In Japan, the surname comes first. When a woman gets married — and yes, this is an issue that mainly affects women — she generally must change her name. Passports, credit cards and even formal introductions all need to change, too.
This isn’t a situation that only happens in this country, but Japan is the only nation that forces a couple to choose one joint surname, an idea that was reinforced on June 23 when the Supreme Court upheld a 2015 ruling that married couples must share a name.
More than a few members of Japan’s ruling Liberal Democratic Party take a conservative view on the topic, arguing that different surnames could negatively impact family unity and, in turn, children. The LDP is divided, however, with some members in favor of choice. Meanwhile, other political parties, such as the Constitutional Democratic Party of Japan, call the decision “outdated.”
“This is unbelievable,” tweeted feminist Chizuko Ueno. “More people would get married if they could choose their own surnames. Who’s really breaking up the family?”
Ueno might be onto something. Model Saya Makino touched on the topic of surnames in an interview with fashion magazine Very in August of last year. The publication is geared toward young working mothers struggling to balance their personal and professional lives.
In the interview, she spoke about how she was expected to do the bulk of the housework and child care (she has three children) as her husband of 11 years was the primary wage earner in the marriage.
“I’m ready to move on to a new form of family,” she told Very. “I really like my husband and appreciate him, but I no longer want to use his surname. I think our family is ready for a freer way of thinking and to view me, the mother, as a person and an individual.”
To this end, Makino said she was preparing to make the switch from a “legal marriage” to a “de facto marriage,” which means filing for divorce and reclaiming her old surname (which she is still in the process of doing).
“My children and husband are on board with this,” she said. “We will all continue to live together, but fulfilling the traditional roles of mother and homemaker besides working full time, and assuming my husband’s surname, is no longer viable.”
Attorney and former TV newscaster Yukino Kikuma also alluded to this idea of identity when it came to having to change her name after getting married in her 40s. She told the Asahi Shimbun that she experienced a sense of panic when her original name disappeared from all legal and official documents.
“The only place where I got to keep my name was my business card,” she said. “In the eyes of Japanese law, a person called Yukino Kikuma was ceasing to exist. It was pretty scary.”

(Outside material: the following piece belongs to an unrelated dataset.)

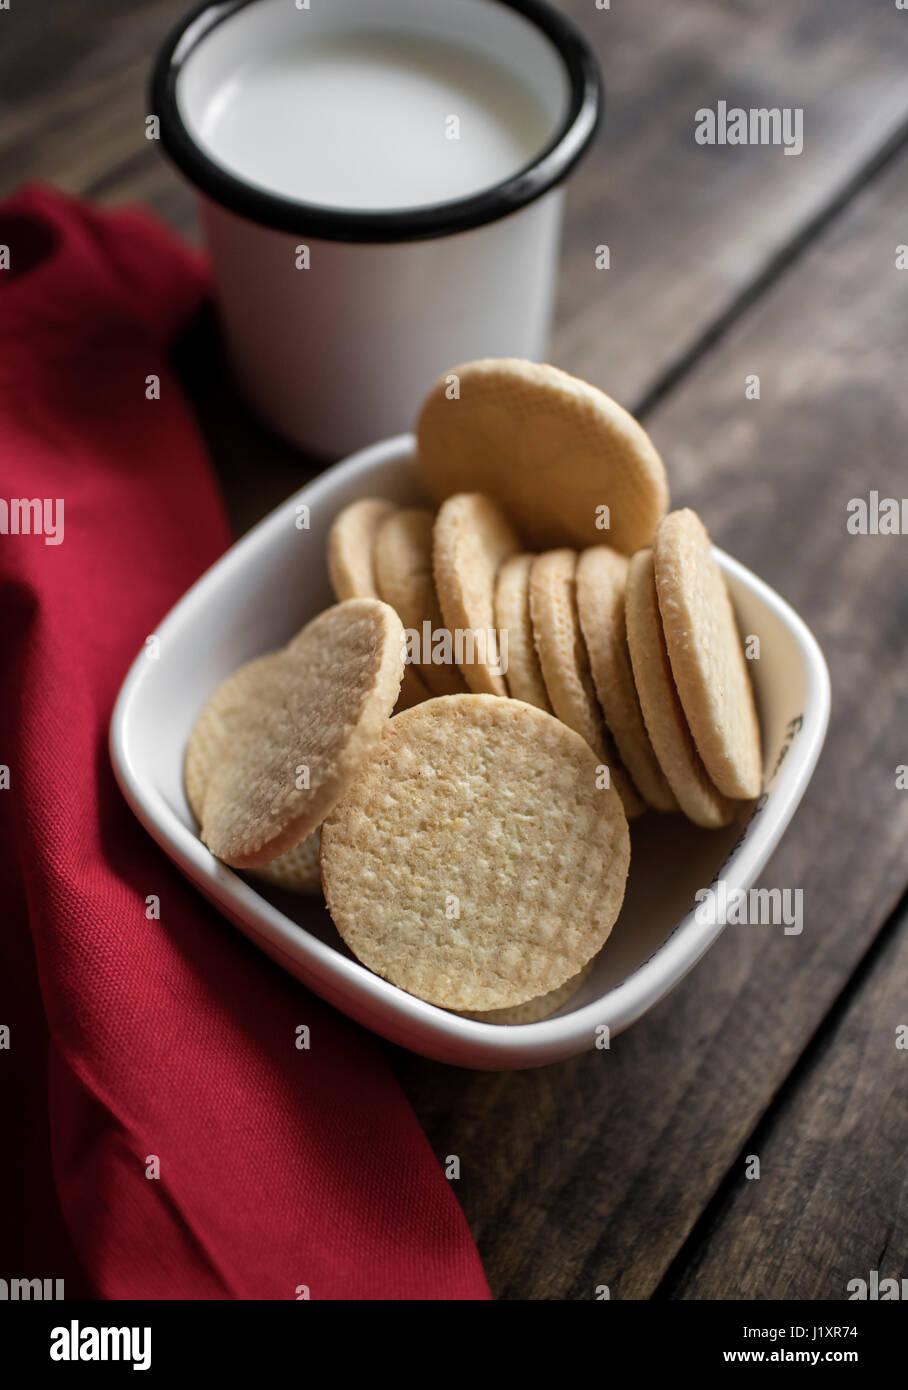 Organici, senza glutine biscotti di zucchero con il latte sul tavolo Immagini Stock

Makino and Kikuma aren’t alone. The Nihon Keizai Shimbun reports that when it conducted a survey on surnames six years ago, more than 50% of respondents were in favor of the current system. In a survey conducted by Nikkei in late March, however, the tables had been turned: Sixty-seven percent said that people should have the option to change or keep their surnames upon marriage. Notably, the younger the respondent, the more likely they were to cast a ballot for optional surnames. A whopping 84% of those between 18 and 39 voted for optional surnames, while that number dwindled to 55% for people 60 years and older.

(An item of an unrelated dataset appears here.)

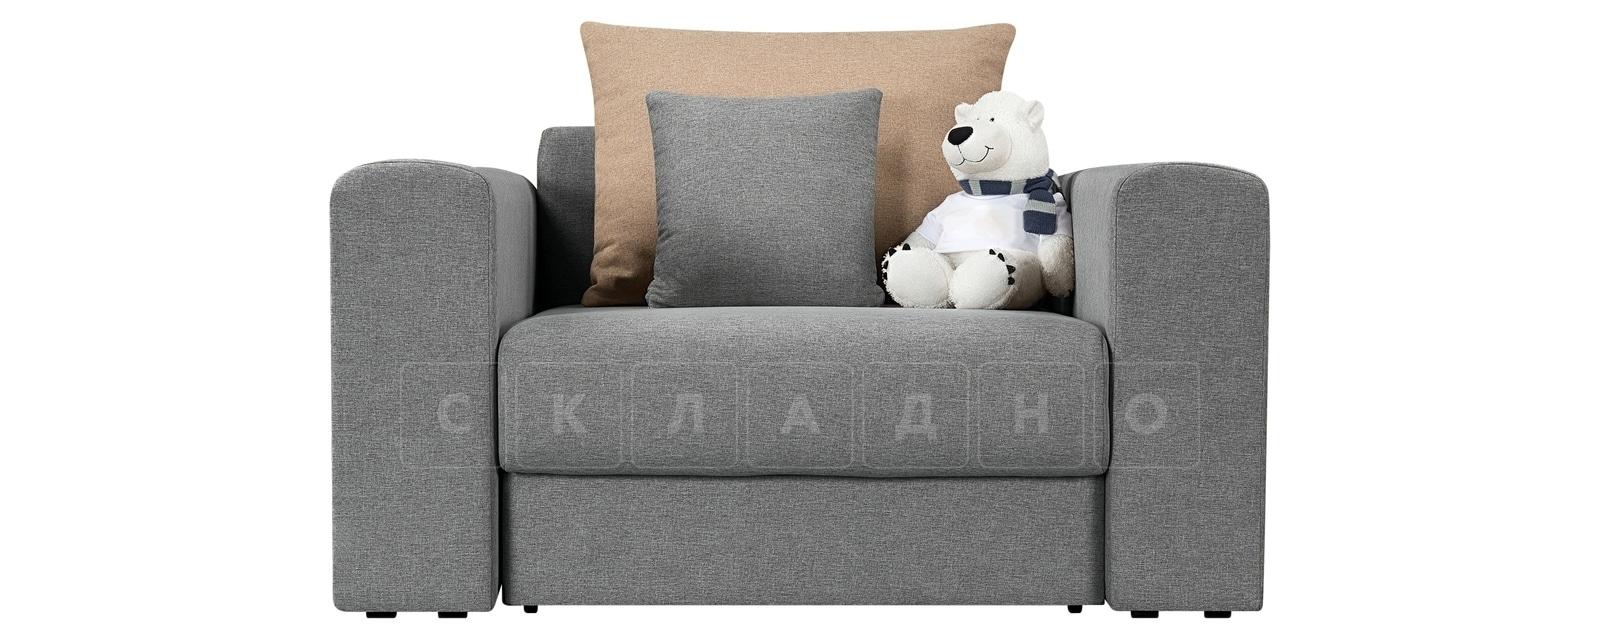 Кресло Медисон 80 см серого цвета фото 3 | интернет-магазин Складно

The June 23 verdict also drew criticism from the business community, in particular from Yoshihisa Aono, the CEO of software company Cybozu. He took his wife’s surname, Nishihata, after marrying but uses his pre-marriage name for business purposes.
“Every time I sign a contract, I have to confirm with the legal department whether I can use my old surname or have to use my married name,” he told Tokyo Shimbun. “I always carry around two hanko (personal seals) for this purpose.”

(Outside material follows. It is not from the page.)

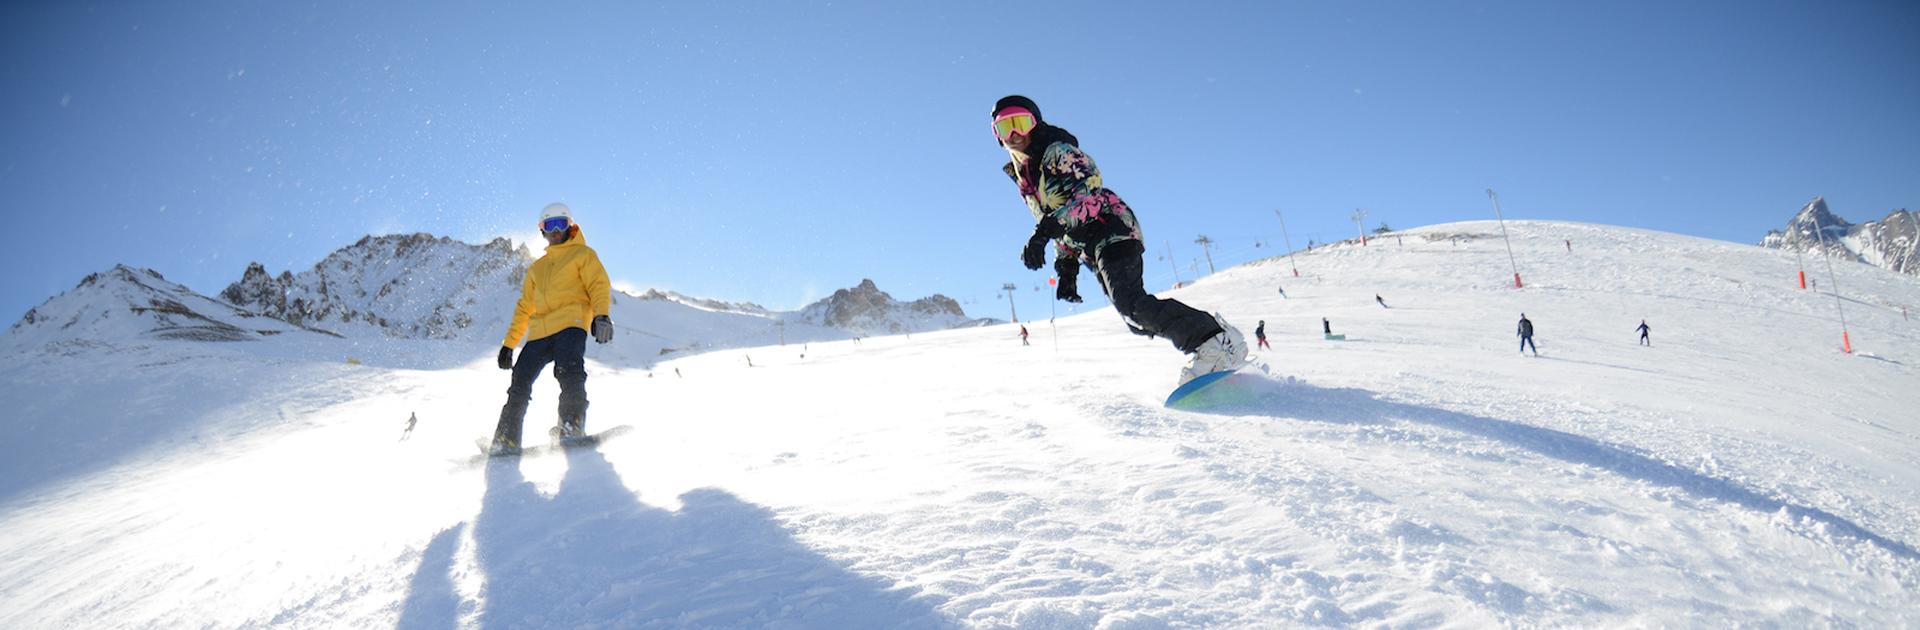 El resto de los centros de esquí aun esperan poder funcionar aunque sea un parte de la temporada

“The LDP is a drag on the economy,” he later tweeted.
In the same Tokyo Shimbun piece, Dwango CEO Takeshi Natsuno said, “Both the business sector and the Japanese people stand to lose a lot under the current system. The current surname system burdens everyone, and spawns a lot of paperwork that has a negative impact on productivity.”
Since the Supreme Court ruling, Aono and other corporate bigwigs have been circulating a petition to reverse the verdict. As of the middle of July, they had received close to 650 signatures, including those from old-guard manufacturers such as Panasonic and Kagome.
The old guard of politics remains in need of convincing. Junya Tsutsui, a professor at Ritsumeikan University, told the online magazine President Woman, that “part of the reason that there’s so much resistance to changing the system is that many Japanese are misreading the situation.”
“They think that optional surnames mean that married couples must automatically have different surnames, which is not the case at all,” he continued, adding that the main obstacle is with politicians.
“To a conservative government, the family is sacrosanct,” he said. “They don’t want to mess around with the family because if they do, they stand to lose a huge chunk out of their support base.”
Tsutsui adds that the current law on similar surnames has only been around for
120 years. Prior to the Meiji Restoration of 1868, most people didn’t have surnames at all unless they were a part of the aristocratic or samurai classes.
“At 120 years, the law is a little too young to be called a tradition,” he told President Woman. “On the other hand, the modern Japanese family is changing rapidly, and in big ways. Enforcing an old system in this new era doesn’t make much sense. I hope that in the not too far-off future, society will provide everyone with the freedom to choose their own surnames.”